ポール・クルーグマン&浜田宏一『2020年世界経済の勝者と敗者』

 クルーグマン氏と浜田先生とが米国、日本、ヨーロッパ、そして中国の経済を話題に意見交換した記録。いろいろ未解決問題も提示してあったり、また両者の見解の違いもわかり面白い。本書は学生や研究者、政策に興味を持つ人たちが自分で見解を深めていくきっかけを様々なネタとして提供していると思う。

 以下は箇条書きに各章で僕が個人的にメモしたところ。本書の概要をメモしているわけではないので詳しくは同書を読まれるように。

第1章はアメリカ経済について。

クルーグマン最低賃金引き上げによるモラル向上、離職率低下、生産性の上昇の確認。技能向上&勤労所得控除の組み合わせの従来の労働対策の限界の指摘。労働組合の組織率を上げることも重要。TPPは「どっちつかずの反対派」。格差拡大の動的メカニズムはピケティの議論に賛同するもの、多くは解き明かされていない。石油価格とシェールオイル(ガス)との関係についてはクルーグマンは思考中。緊縮財政への批判と積極的財政政策のすすめ。

浜田:全体にこの章では米国の経済学者や政策担当者との回顧的側面が強い。TPPについてはそのルール構築の面を積極評価。コラムでは、デール・W・ジョルゲンソンとの対話(現在の日本の為替レートが適正との評価、当時だからドル円が1ドル120円前後)の記録が興味深い。

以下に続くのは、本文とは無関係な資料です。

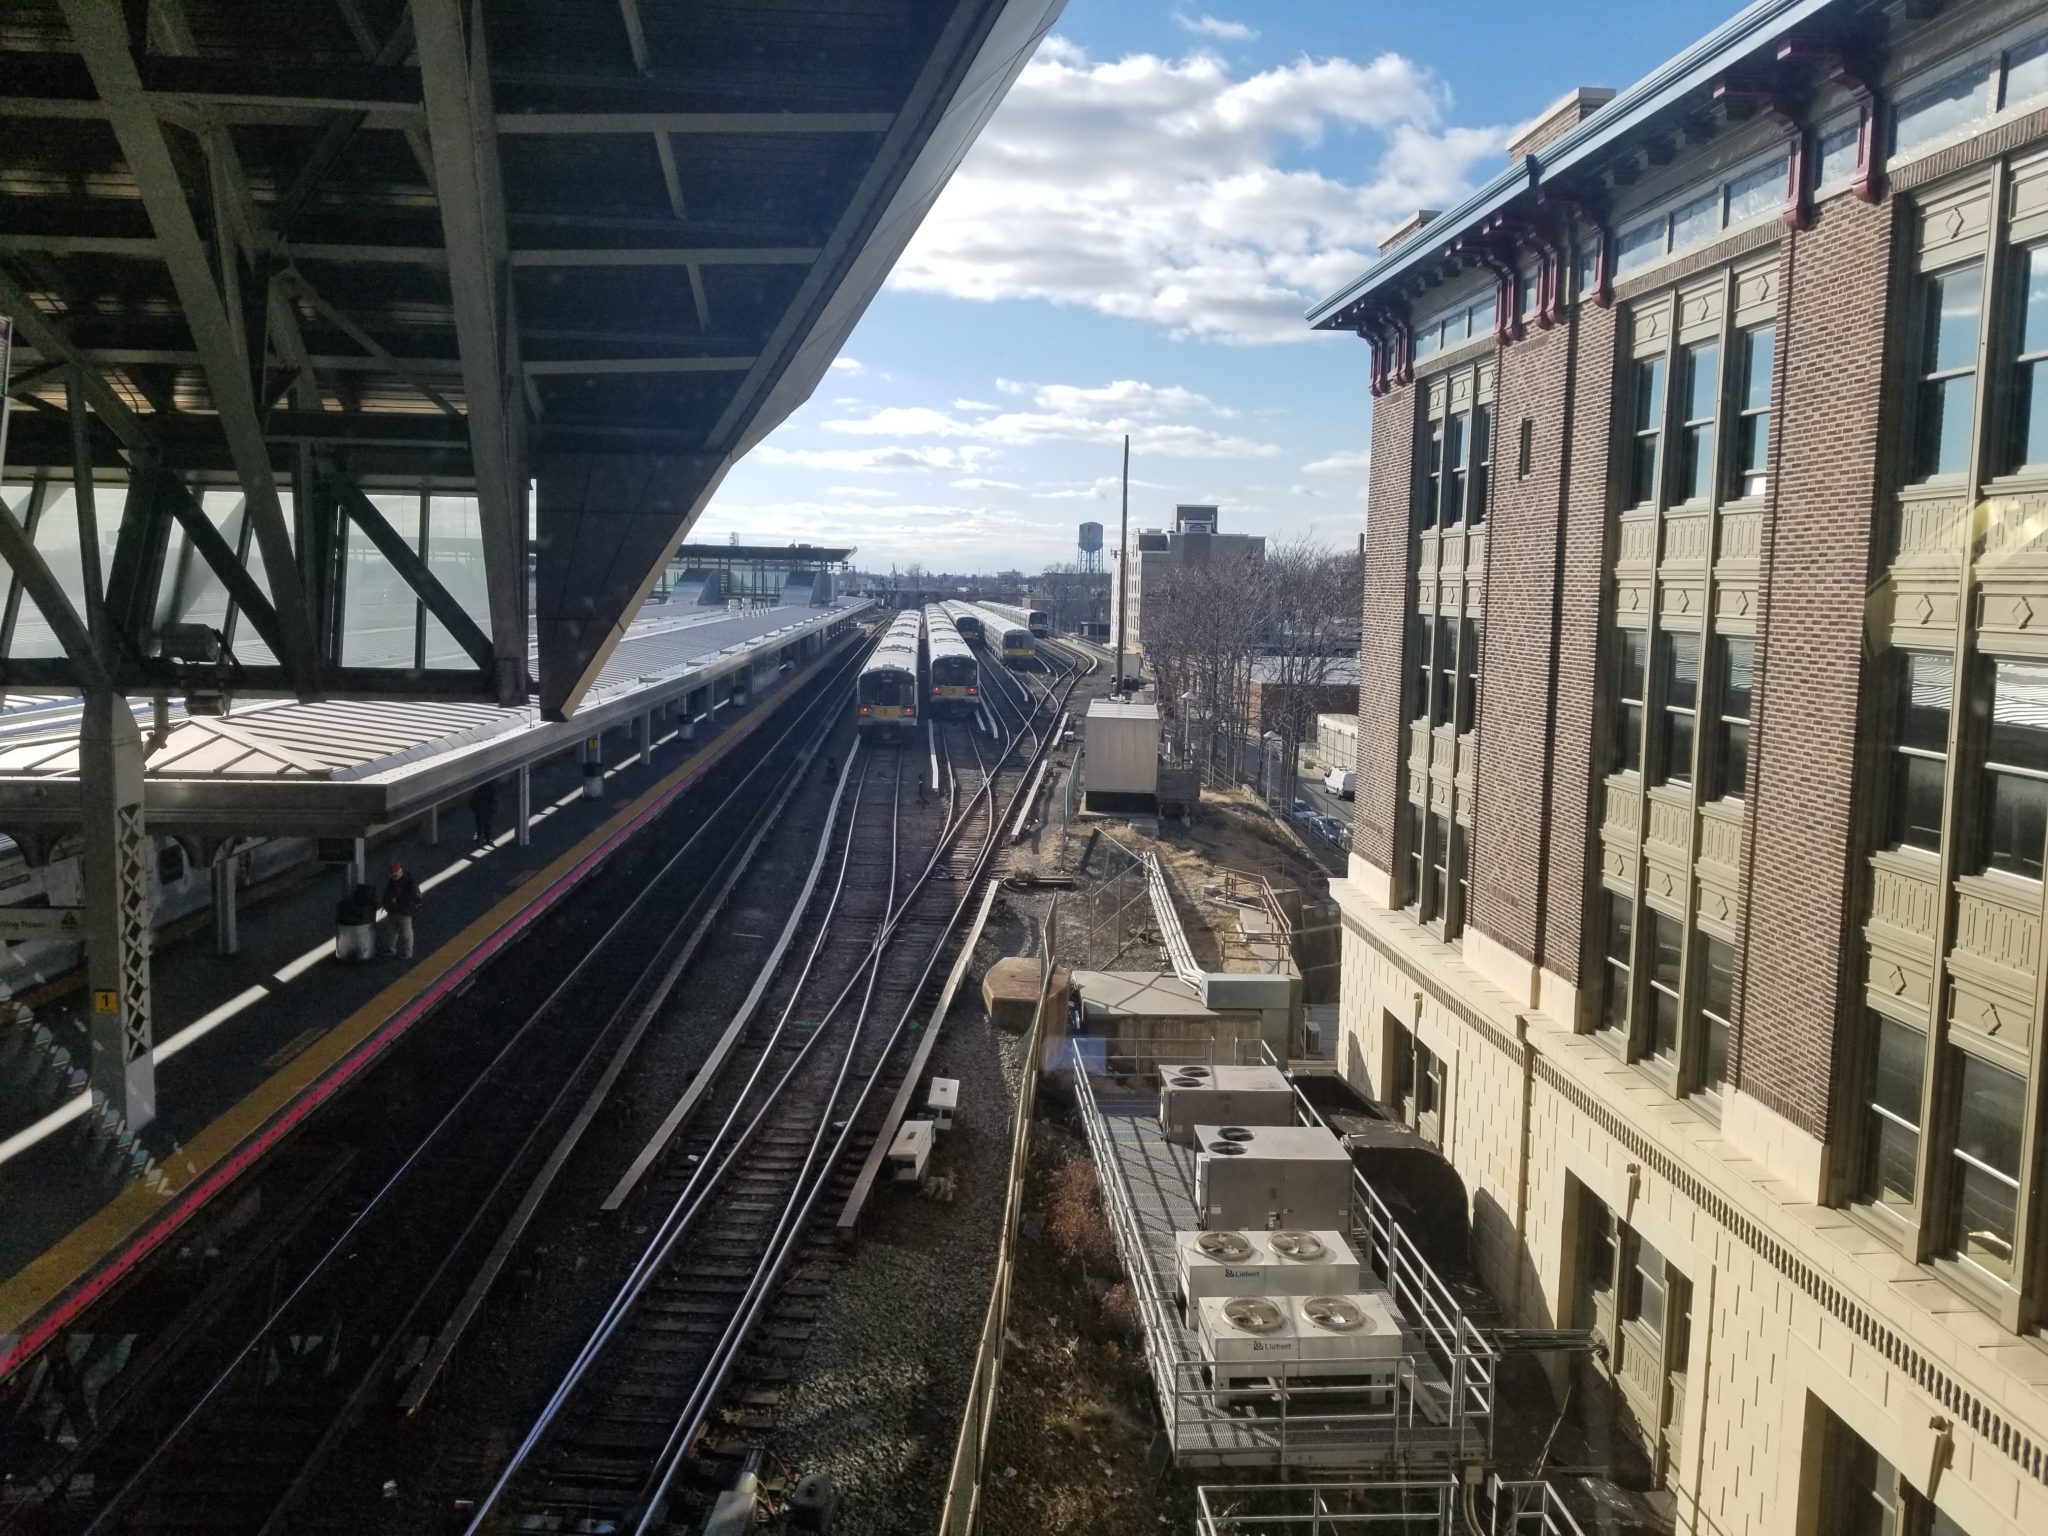 train tracks next to buildings

第2章は日本経済、特にアベノミクスの在り方について。

浜田:デフレが日本の経済停滞の根源。デフレは日本銀行の政策の失敗による。インフレ目標による低インフレ政策が重要。日本国債の安全性&安定性。黒田総裁は金融政策の理解は正しいが、消費増税については財務省主税局のDNAがみられる。この点を指摘した文章を日本経済新聞に掲載するときに「字余り」ということで削られたが、浜田先生はこれを記者の財務省の「教育」の成果であると批判的にみなしています。クルーグマン氏の積極的財政政策に一定の理解は示すものの、いまの日本の状況であれば金融政策(ただし消費増税はとんでもない)主体でデフレ脱却は可能という立場。財政政策の長期的な非効率性の問題視。

クルーグマン:金融政策の評価は浜田先生と同じ。女子労働力、外国人のゲスト・ワーカー型プログラムの提唱、定年など高齢者雇用の在り方の見直しの提言。日本の対外リスクとしての中国。消費増税への徹底的な批判。インフレ目標4%の提示

余談だが、コラムの浜田先生の「傘寿の会」にはおよばれしました。楽しかったです。浜田先生のコラムは日本社会やメディアの閉鎖性やゆがみをするどくえぐっていてこれだけでも本書を読む価値があります。

第三章と第四章はヨーロッパと中国について。クルーグマン氏がデンマークと米国を比較したり、また浜田先生が中国の政治的はゆがみを鋭く指摘したり、マイナス成長の可能性を示唆するところは興味深い。

全体的にこれからの政策を考えるためのヒント満載で、いろいろネタを頂戴したなあ、と思う。